Ein Baukaufmann verantwortet die kaufmännische Steuerung von Bauprojekten – von der Auftrags- und Kostenstellenanlage über die Nachtragsverfolgung und Rechnungsprüfung bis zur Abrechnung und Liquiditätsplanung einzelner Baustellen. Die Rolle sitzt an der Schnittstelle zwischen Baustelle und Verwaltung: Sie übersetzt Baufortschritt in prüffähige Zahlen und Zahlen zurück in Entscheidungsgrundlagen für die Bauleitung.


Baukaufmann

In mittelständischen Bau- und Infrastrukturunternehmen entscheidet diese Position darüber, ob erbrachte Leistungen vollständig vergütet werden oder in der Abrechnung verloren gehen. Der Beitrag ordnet Aufgaben, Gehaltsbänder, Qualifikationswege und Auswahlkriterien für die Position ein – sachlich und mit konkreten Zahlen.


Inhaltsverzeichnis



Was ein Baukaufmann im Bauunternehmen verantwortet


Der Baukaufmann führt die kaufmännische Projektakte eines Bauvorhabens und haftet intern dafür, dass jede erbrachte Leistung dokumentiert, abgerechnet und nachverfolgt ist. Er ist kein reiner Buchhalter und kein Sachbearbeiter, sondern arbeitet projektbezogen und eng mit Bauleitung, Kalkulation und Geschäftsführung zusammen.

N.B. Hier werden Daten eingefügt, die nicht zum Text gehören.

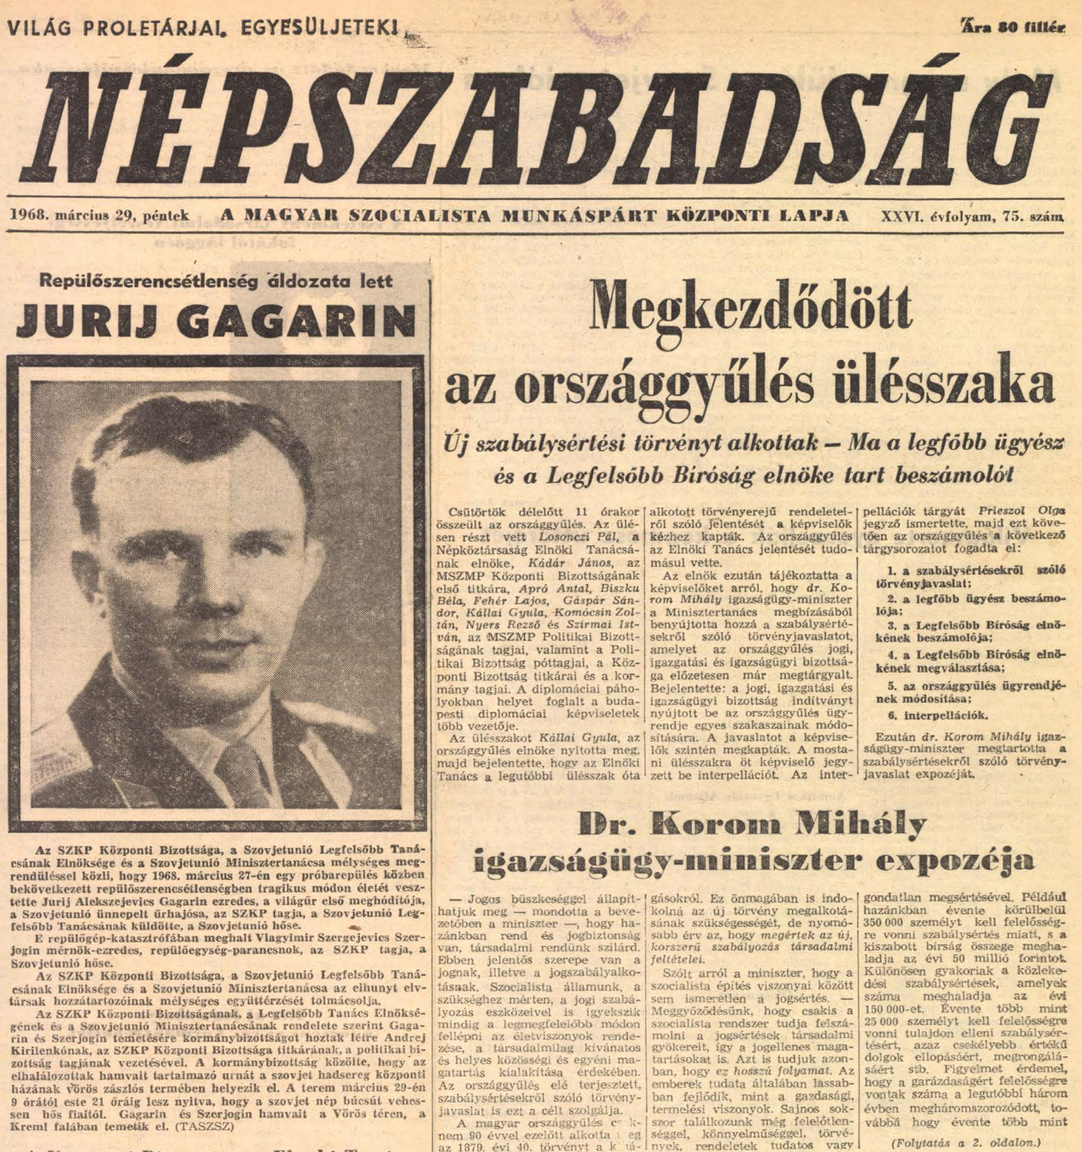 Gagarin halálhíre a Népszabadság címlapján.
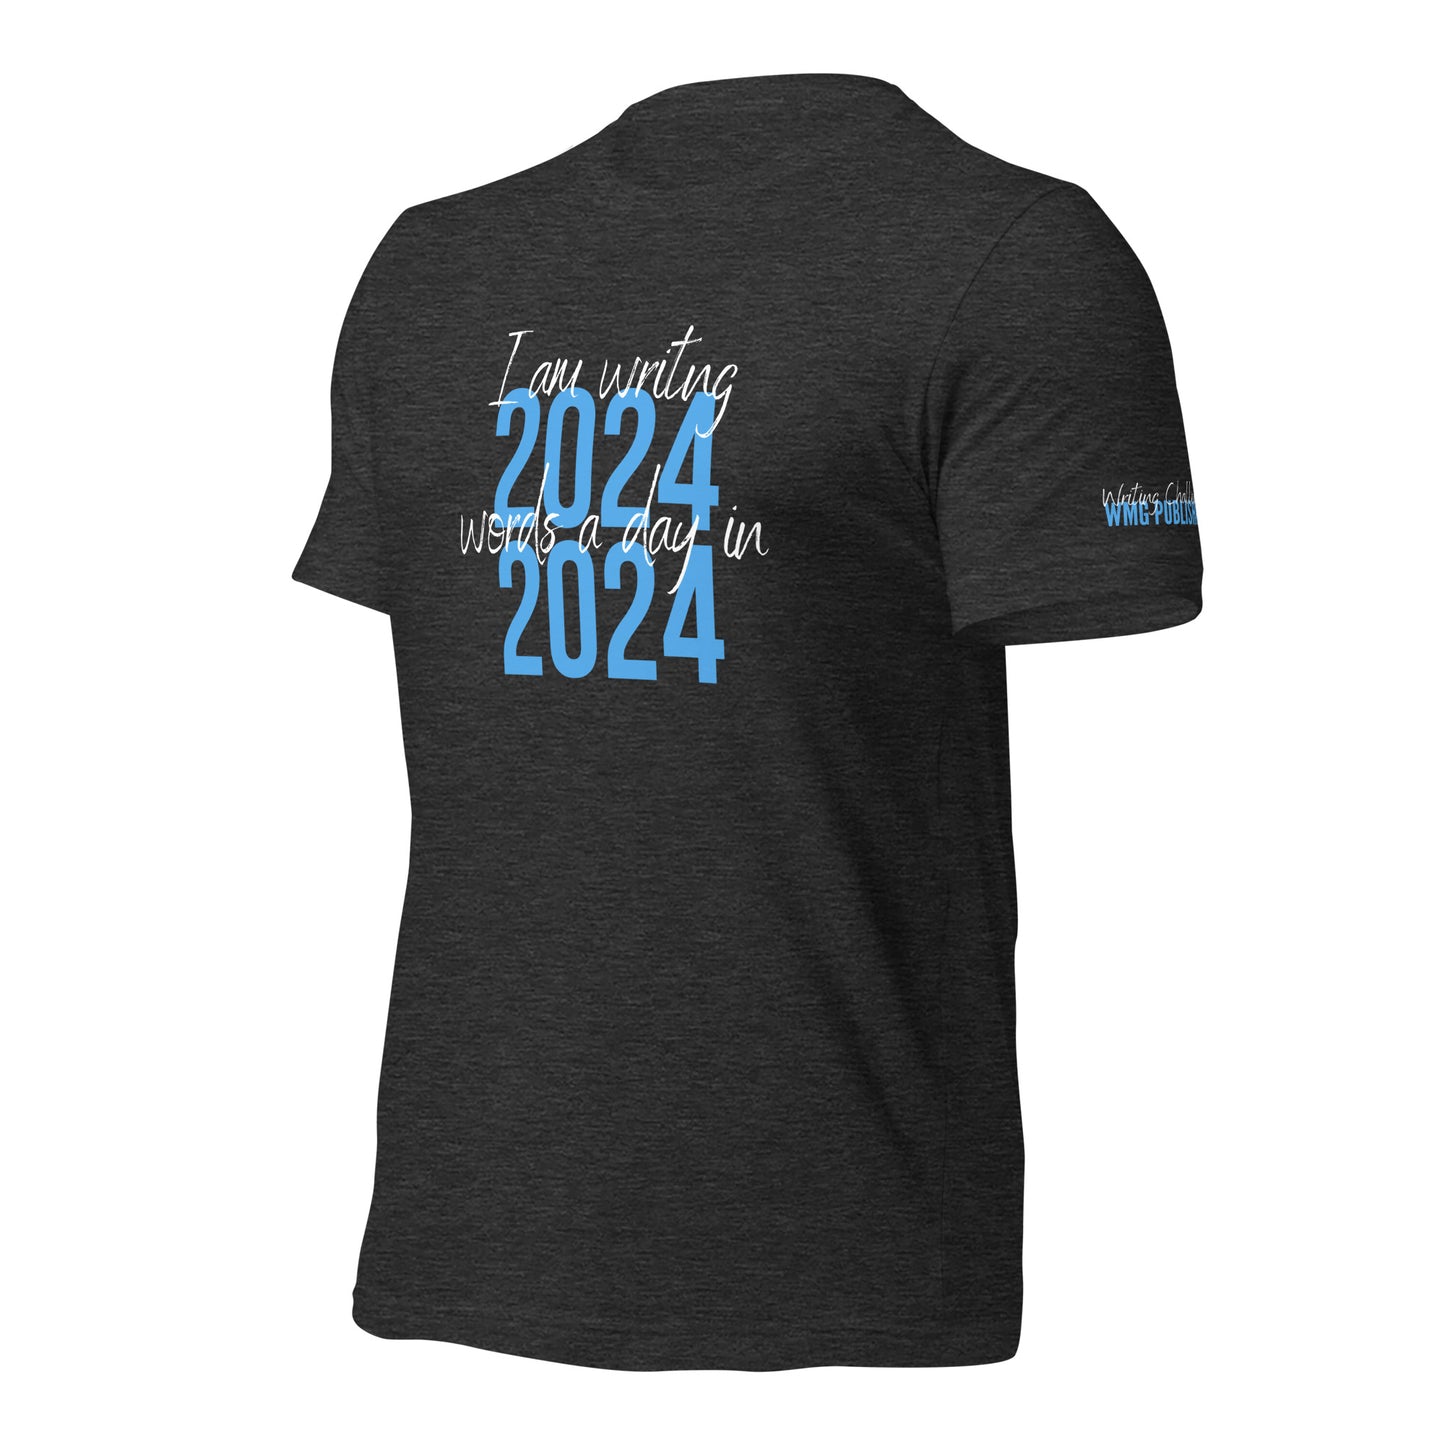 I AM WRITING 2024 WORDS Unisex T-Shirt - WRITING CHALLENGES WMG Publishing

Der Zuschnitt der Rolle hängt stark von der Unternehmensgröße ab. In Betrieben bis rund 50 Mitarbeitenden deckt eine Person häufig Projektkaufmännisches, Rechnungswesen und Teile der Personaladministration ab. Ab etwa 150 Mitarbeitenden ist die Rolle in der Regel klar auf Projektbetreuung zugeschnitten und einer eigenständigen kaufmännischen Abteilung zugeordnet, die von einem kaufmännischen Leiter geführt wird.


Typisch ist die Betreuung mehrerer Baustellen parallel: Bei Projektvolumina im Bereich von einer bis fünf Millionen Euro betreut ein Baukaufmann üblicherweise fünf bis zwölf Vorhaben gleichzeitig, bei Großprojekten ab 20 Millionen Euro dagegen nur ein bis zwei.


Aufgaben im Projektalltag


Die Aufgaben eines Baukaufmanns gliedern sich in vier Blöcke: Auftragsabwicklung, laufende Projektsteuerung, Abrechnung und Berichtswesen. Alle vier laufen parallel und sind an den Baufortschritt gekoppelt.


Auftragsabwicklung – Auftragsbestätigung prüfen, Kostenstellen und Leistungsverzeichnis im ERP anlegen, Vertragsfristen und Vertragsstrafen erfassen, Bürgschaften und Versicherungsnachweise anfordern und überwachen. Fehler in diesem Schritt wirken über die gesamte Projektlaufzeit nach.


Laufende Projektsteuerung – Eingangsrechnungen von Nachunternehmern gegen Aufmaß und Vertrag prüfen, Bautagebücher und Stundennachweise auswerten, Materialbestellungen kaufmännisch freigeben, Soll-Ist-Abweichungen an die Bauleitung melden. Enge Verzahnung mit der Buchhaltung in der Baubranche ist hier Voraussetzung.


Abrechnung – Abschlagsrechnungen nach Leistungsstand stellen, Nachträge dokumentieren und durchsetzen, Schlussrechnung und Gewährleistungseinbehalte verwalten. Wie eng dieser Block am Ergebnis hängt, zeigt das Berufsbild des Nachtragsmanagers in der Baubranche.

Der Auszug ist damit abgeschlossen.